In October 2008, we signed an agreement with Ericsson Federal Inc., a leading global provider of technology and services to telecom operators. In December 2009, we amended this contract by $5.1 million for additional deliverables and features. According to the $27.8 million contract, Ericsson will work with us to develop, implement and maintain a ground interface, or core network, system that will be installed at our satellite gateway ground stations.

 
 

 
 
Long-term obligations at December 31, 2009, assuming borrowing of the entire $586 million under our Facility Agreement, are as follows:

Contractual Obligations:
 
Less than
1 Year
   
1 – 3 Years
   
3 – 5 Years
   
More Than
5 Years
   
Total
 
  
 
(In millions)
 
Long-term debt obligations (1) (2)
  $ 2.3     $ 126.2     $ 135.8     $ 421.0     $ 685.3  
Operating lease obligations
    1.6       2.9       0.3             4.8  
Purchase obligations (3)
    219.9       378.4       13.9             612.2  
Pension obligations
    0.3       2.6       1.7             4.6  
Total
  $ 224.1     $ 510.1     $ 151.7     $ 421.0     $ 1,306.9  
 
Payments due by period:

(1)
Does not include interest on debt obligations.
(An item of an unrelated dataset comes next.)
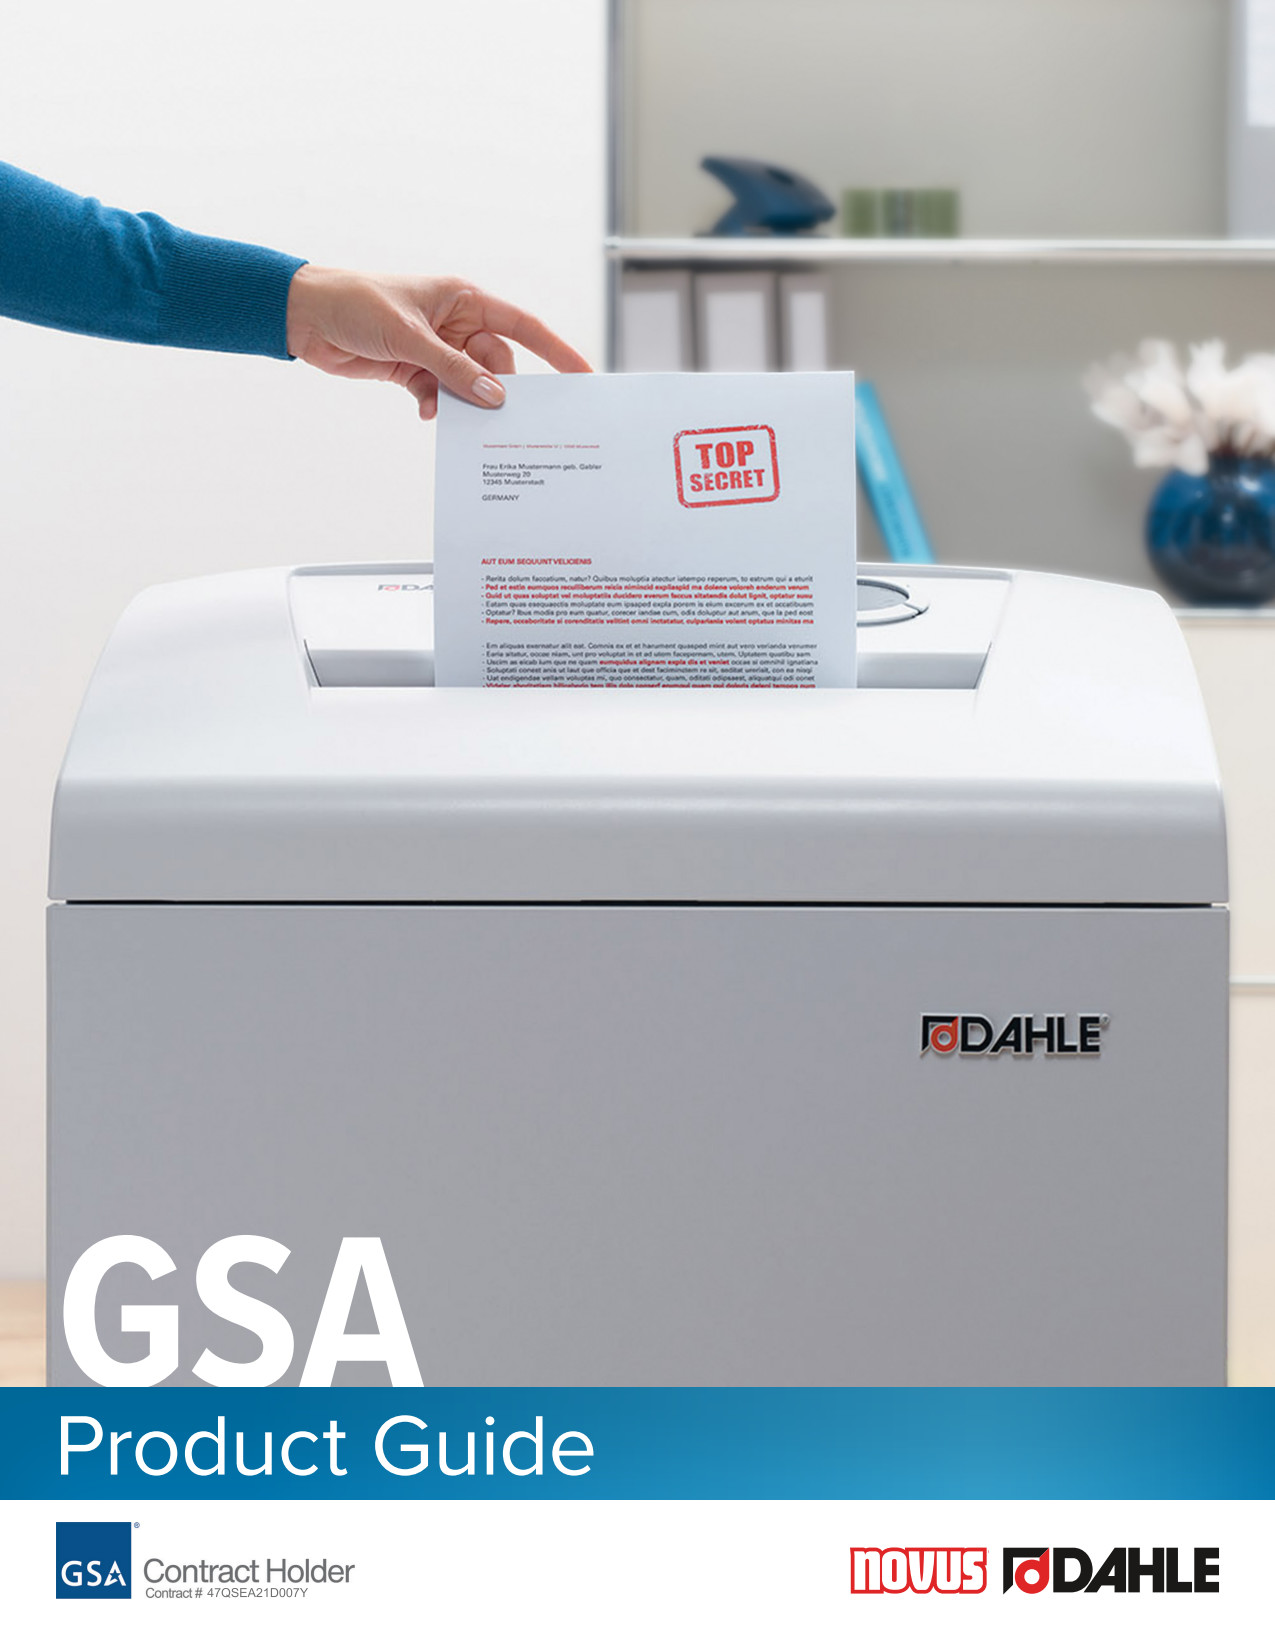 DahleGov GSA Product Guide

Approximately $586 million of our debt bears interest at a floating rate and, accordingly, we are unable to predict interest costs in future years.

(2)
All of the indebtedness may be accelerated upon default of related covenants. See “Note 15: Borrowings” of the Consolidated Financial Statements in this report.

(3)
The purchase obligations for the construction of our low-earth satellites and the Control Network facility are converted to U.S. dollars using an exchange rate of €1.00 = $1.42.
 
Off-Balance Sheet Transactions
 
We have no material off-balance sheet transactions.
 
Recently Issued Accounting Pronouncements
 
See “Note 2: Summary of Accounting Policies” of the Consolidated Financial Statements in this report.